Locking the Door behind You: Hacker Protection for Your Web Applications

Cross site scripting (also known as XSS or CSS) occurs when dynamically generated Web pages display input that is not properly validated, an important aspect of hacker protection. This allows an attacker to embed malicious JavaScript code into the generated page and execute the script on the machine of any user that views that site. Cross site scripting could potentially impact any site that allows users to enter data. This vulnerability is commonly seen on the following:

• Search engines that repeat back the search keyword that was entered.
• Error messages that repeat back the string that contained the error.
• Forms that are filled out where the values are later presented to the user.
• Web message boards that allow users to post their own messages.

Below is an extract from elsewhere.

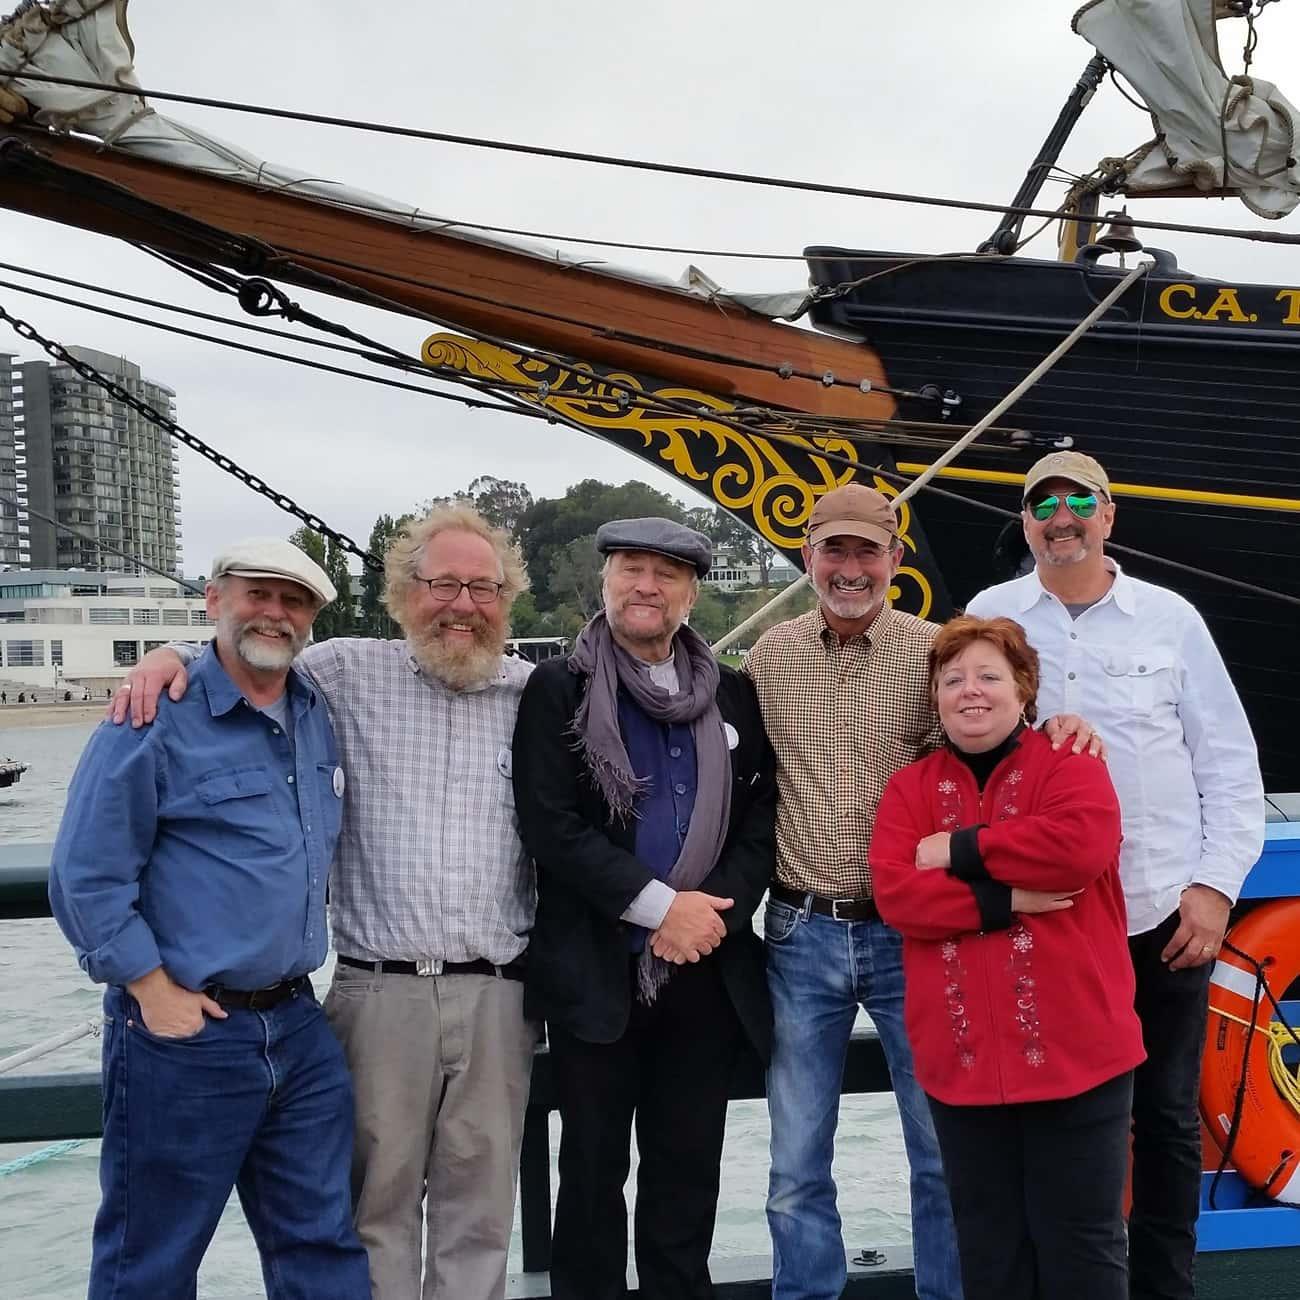 The Dogwatch Nautical Band

Putting hacker protection in place to prevent cross site scripting is relatively easy and well worth the effort. An attacker who uses cross site scripting successfully might compromise confidential information, manipulate or steal cookies, create requests that can be mistaken for those of a valid user, or execute malicious code on the end user systems.

Step 1. Open the Web site in a browser

Step 2. Browse the Web site for areas that accept user input and will return back what you typed in. The most common locations for these areas on Web sites are search engines and login forms.

Step 3. Once you have located a search engine or login form, enter "test" into the search field or login name, and submit the request to the Web server.

Step 4. Look for the Web server to respond back with a page similar to

1. "Your search for 'test' did not find any items"
2. "Your search for ‘test’ returned the following results"
3. "User 'test' is not valid"
4. "Invalid login 'test'"

If the word 'test' appears in the results page, then an entryway for cross site scripting has been found.

Step 5. To test for hacker protection against cross site scripting attacks, input the string "<script>alert('hello')</script>" without quotes as done with "test" in step 3. Submit the request to the server.

Step 6. If the server responds back with a pop-up box that says "hello", then the Web site is vulnerable to cross site scripting.

Step 7. If Step 6 fails, and the Web site does not return a popup box, click the 'View' menu in IE, and select the 'Source' option. This will cause Notepad to open with the HTML source of the page. In Notepad, click the 'Edit' menu and choose 'Find'. A dialog will appear that will ask you to 'Find What'. Type the phrase "<script>alert('hello')</script>"and click 'Find Next'. If the text is found, then the Web server is vulnerable to cross site scripting and requires implementation of hacker protection to prevent these attacks.

Once you enter the arena of e-business, your short-term business prospects and long-term viability and shareholder value all become directly linked to your e-business strategies and ability to manage the risks of doing business online, which include hacker protection to prevent attacks like SQL injection and XSS. You must simultaneously protect information while opening your doors to outside partners, customers and employees. The performance and security of your systems, as well as those of your third-party partners, are critically important to long-term success.

Companies must view their Web applications as a portal to corporate assets and hence, implement the necessary hacker protection and security procedures to ensure that those assets are secure from malicious attacks like SQL injection and XSS. This includes defining security and hacker protection as part of both the functional and technical requirements of an application. To achieve a greater level of application security, mature development practices that focus specifically on Web application security and hacker protection at the application layer need to be implemented. Companies who are vigilant and proactive in their approach to application security are better protected, and, in the long run, these companies enjoy a higher return on investment for their e-business ventures.